China $60m in government donations, plus $1.8m donated to the Chinese Red Cross.
South Korea $50m in government aid. The prime minister's office said the funds would be spend for rehabilitation of the devastated areas over the next three years. Private donations have reached nearly $13m, the South Korean foreign ministry says.

Australia $46m has been donated in government aid, and donations from the public total $58m. About 350 military staff, four military helicopters, a troop transport ship, a military health support team and a water purification plant are being sent to Indonesia, as well as a team of volunteer medical professionals.

Netherlands $34m has been donated by the government and aid groups say a further $35m has been raised in private donations. A Dutch police identification team has been sent to Thailand.
European Union $31m in aid, although EU External Relations Commissioner Benita Ferrero-Waldner has said this may be increased by tens of millions of euros.

Germany $27m in government aid. Berlin is planning to increase this to $680m, according to a government source. Germany is also sending a mobile hospital to Aceh and a military ship with two helicopters, aid supplies, water treatment equipment and an operating theatre on board. The public have donated an estimated $130m.

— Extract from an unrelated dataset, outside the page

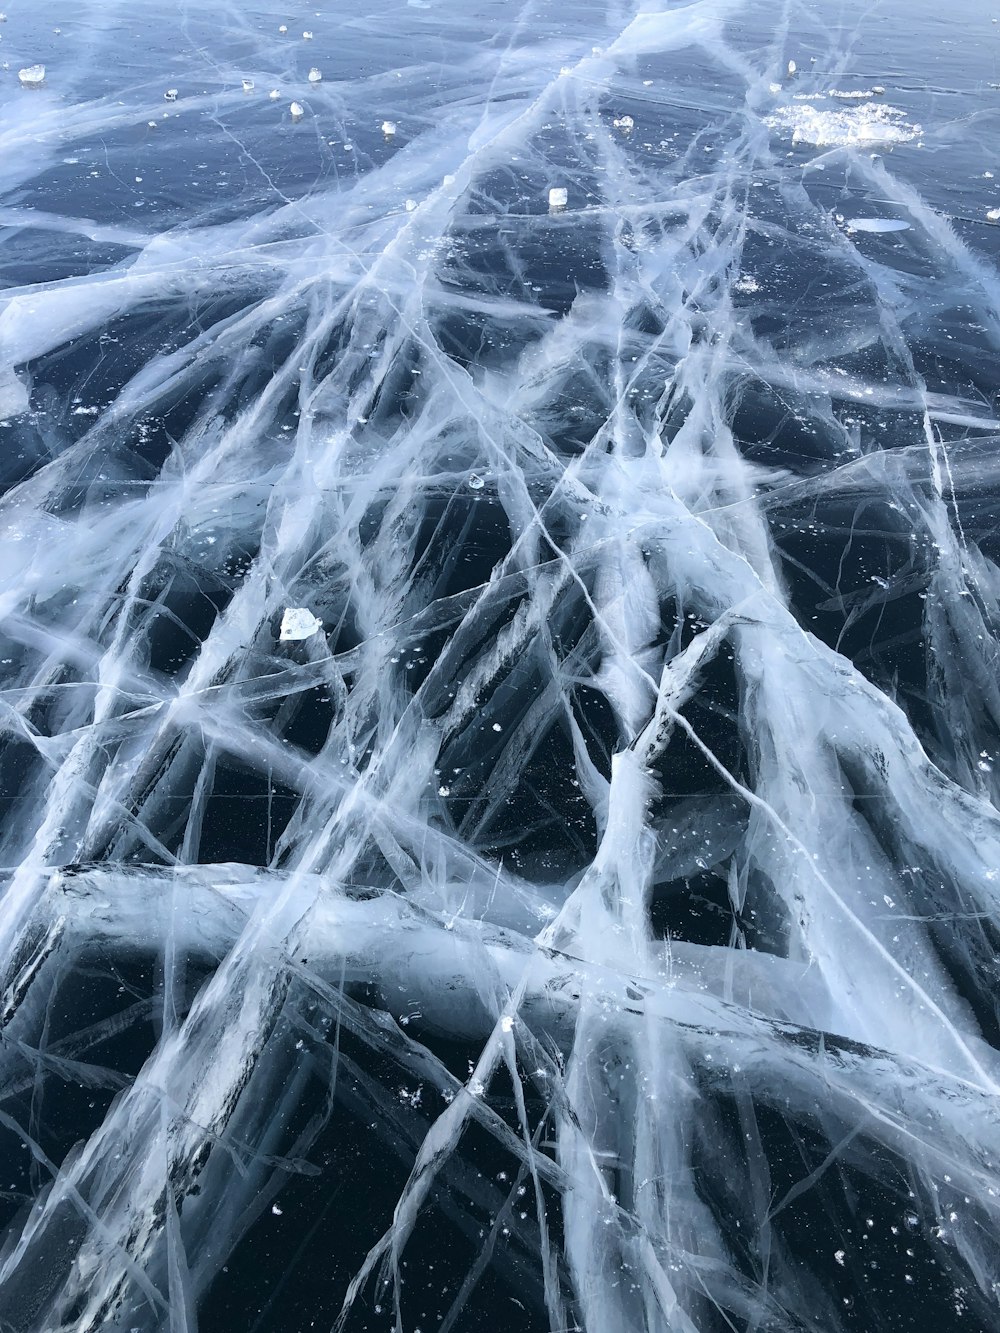 a view of the ice from an airplane window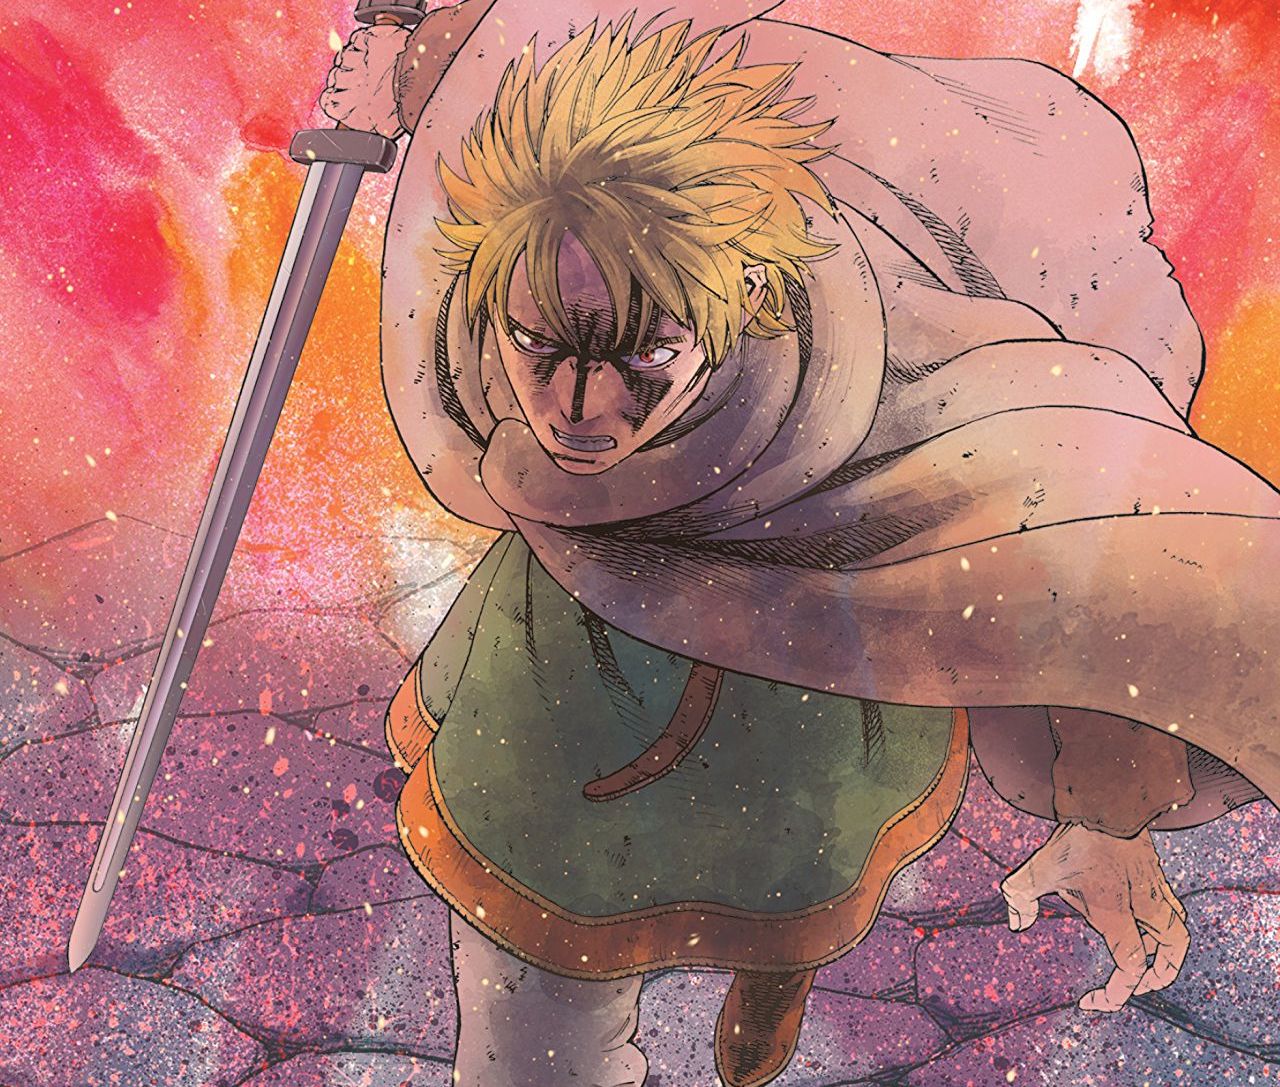 Vinland Saga: Things The Anime Changes From The Manga

Qatar $25m in government aid. Qatar is also sending food, medical and logistical supplies to affected countries.

Countries in the region

India The Indian military is staging its biggest relief operation ever in Sri Lanka, the Maldives and Indonesia. This involves at least 16,000 troops, 32 navy ships, 41 aircraft including at least 16 helicopters, several medical teams and a mobile hospital. The air force has so far lifted 10,000 tonnes of relief supplies.

Bangladesh Bangladesh has dispatched 111 soldiers to Sri Lanka and the Maldives, with a further 46 expected to join them. Two planes and two helicopters will carry the troops together with aid supplies.

Pakistan Pakistan plans to send 500 military staff in medical and engineering teams to Indonesia and Sri Lanka.